• **Work task**
Without any of the pictures, transcribe all the lines below exactly.

• **Source records**
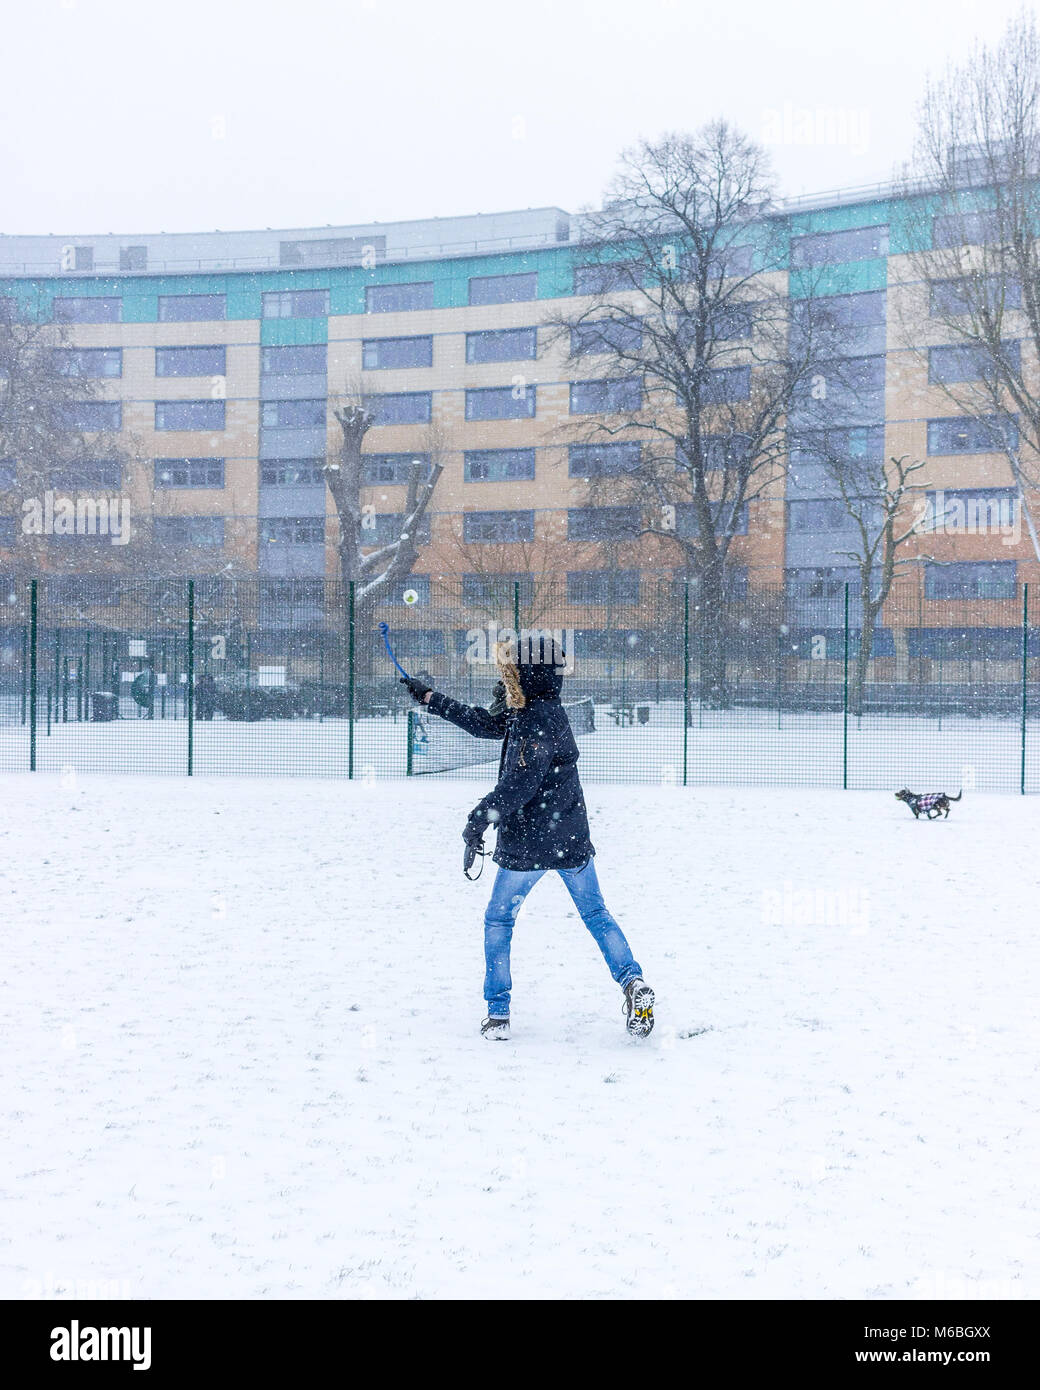 L'uomo getta una palla per il suo cane in un giorno di neve in campi Ladywell, Londra Foto Stock
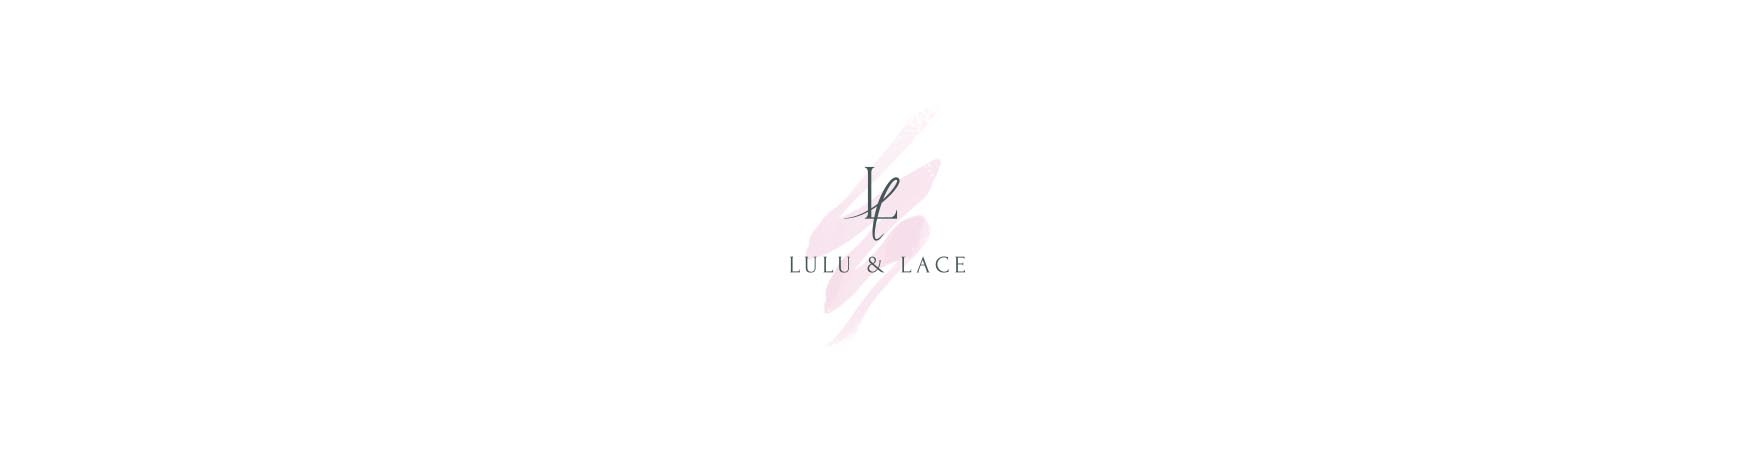 Lulu & Lace
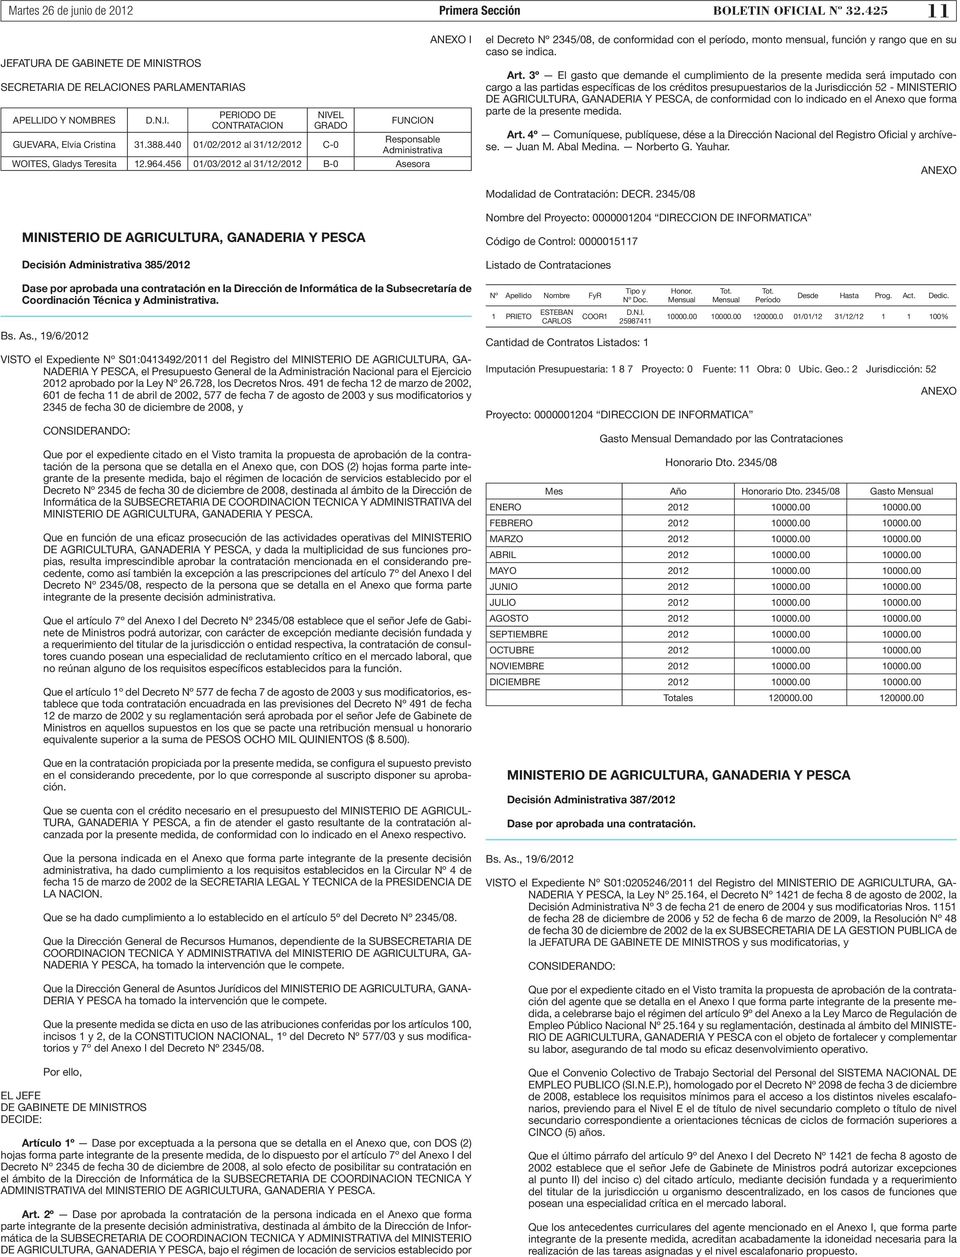 440 01/02/2012 al 31/12/2012 C-0 Responsable Administrativa WOITES, Gladys Teresita 12.964.
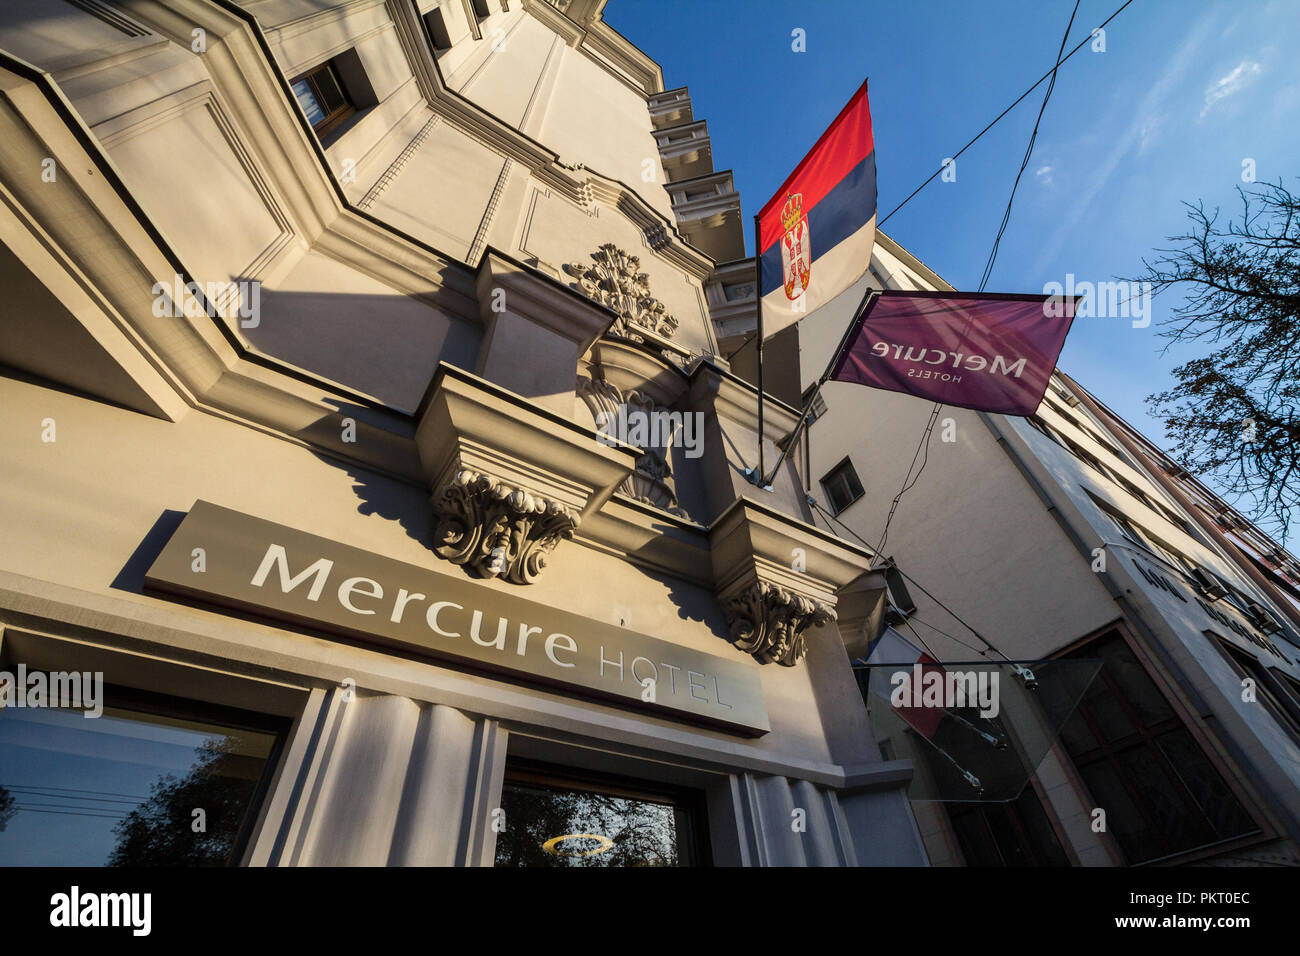 Belgrado, Serbia - Septiembre 12, 2018: Mercure Hotel insignia en su negocio principal para Serbia. Hoteles Mercure es una cadena hotelera del grupo Accorhotel Foto de stock
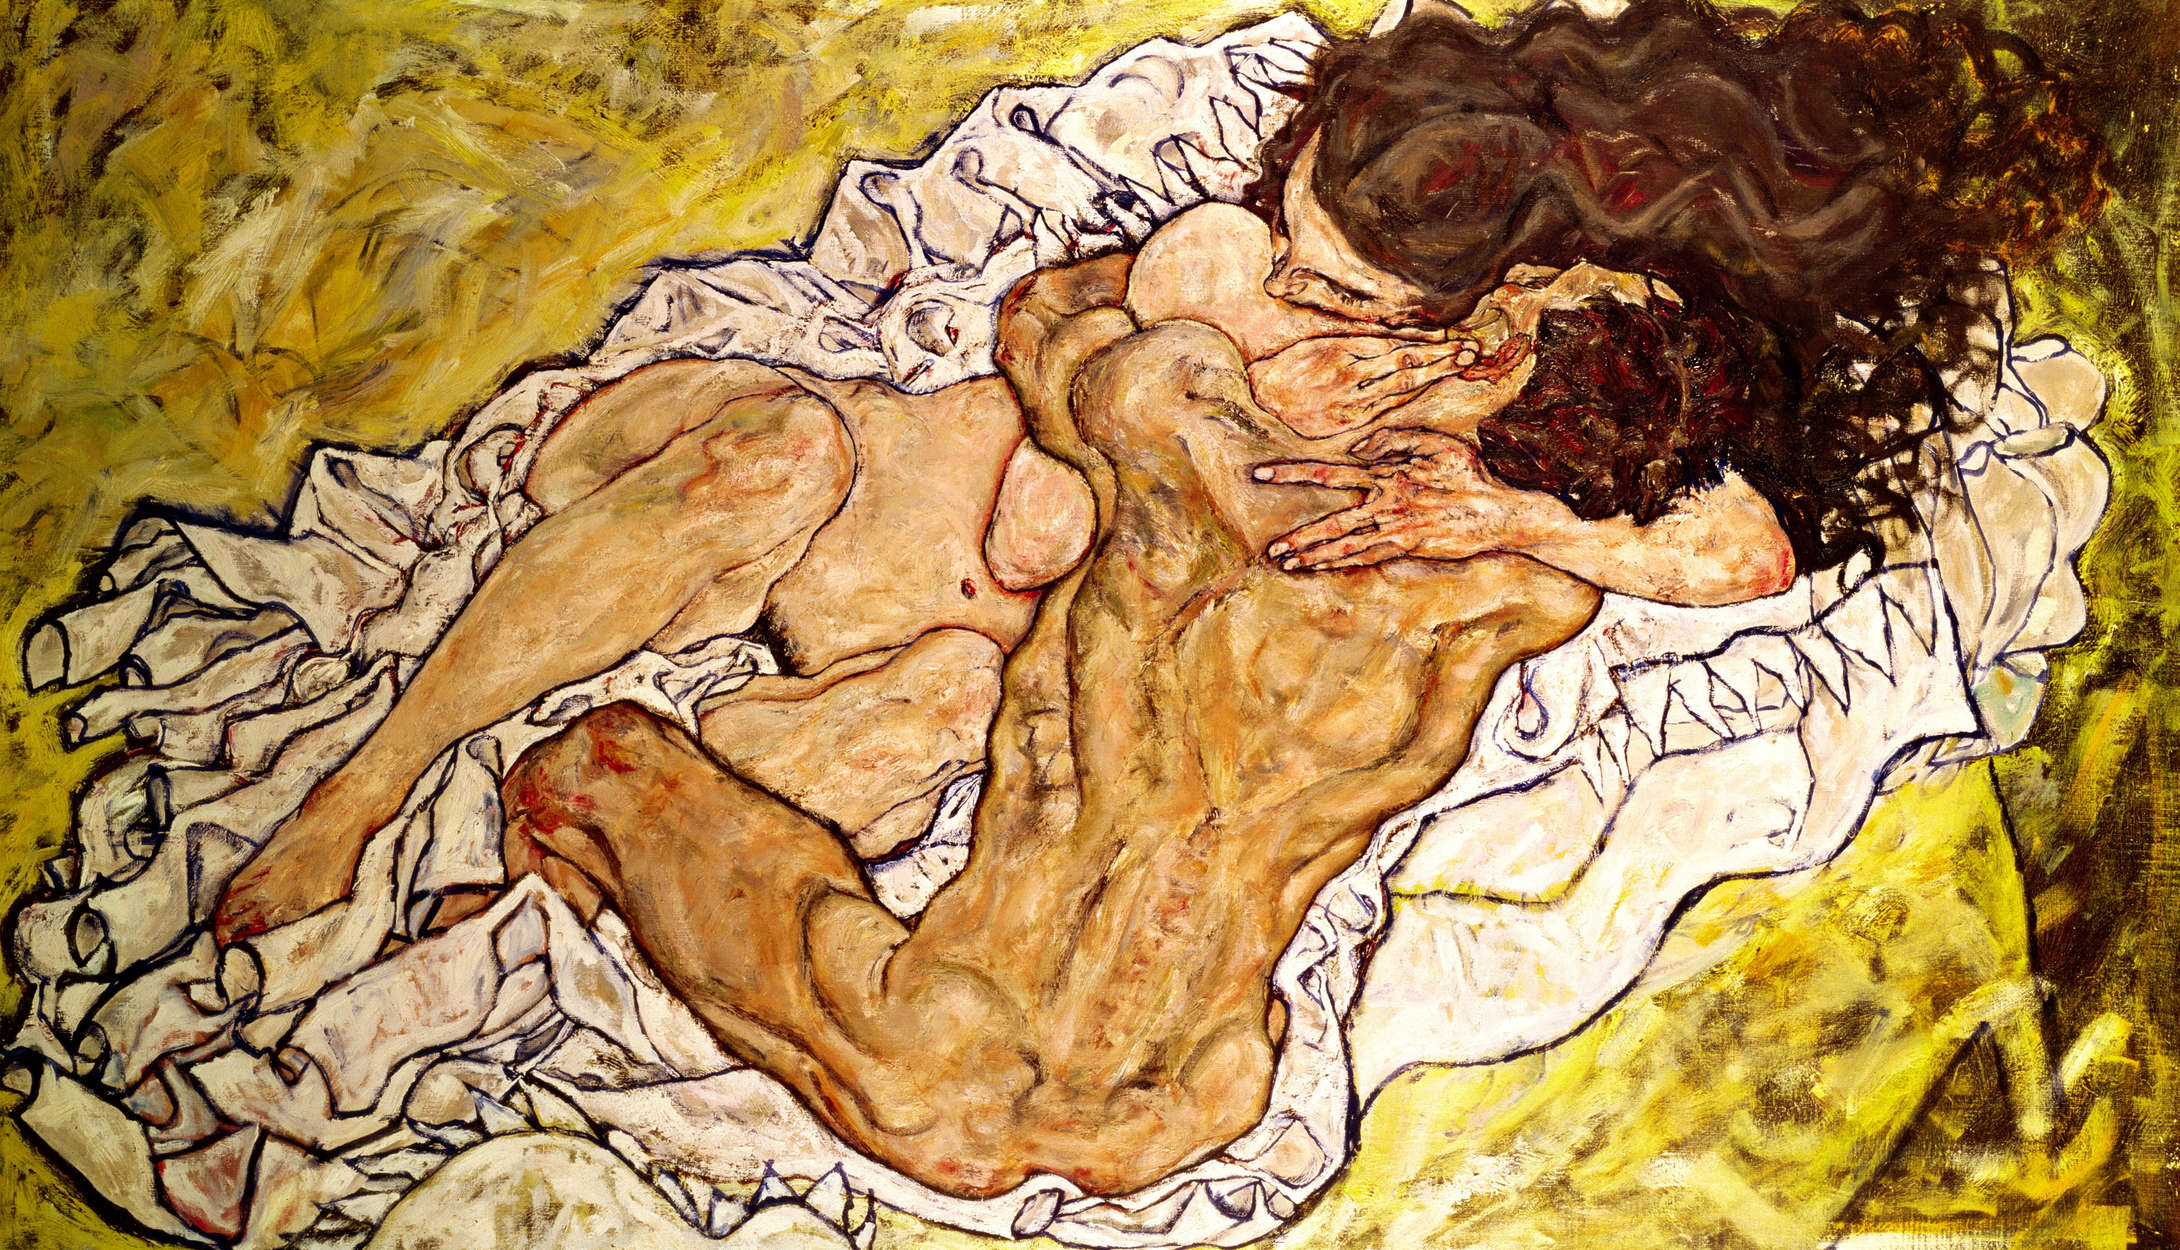             De omhelzing" muurschildering van Egon Schiele

• **Solution**
 L'uomo getta una palla per il suo cane in un giorno di neve in campi Ladywell, Londra Foto Stock
 Lulu & Lace
 440 01/02/2012 al 31/12/2012 C-0 Responsable Administrativa WOITES, Gladys Teresita 12.964.
 Belgrado, Serbia - Septiembre 12, 2018: Mercure Hotel insignia en su negocio principal para Serbia. Hoteles Mercure es una cadena hotelera del grupo Accorhotel Foto de stock
             De omhelzing" muurschildering van Egon Schiele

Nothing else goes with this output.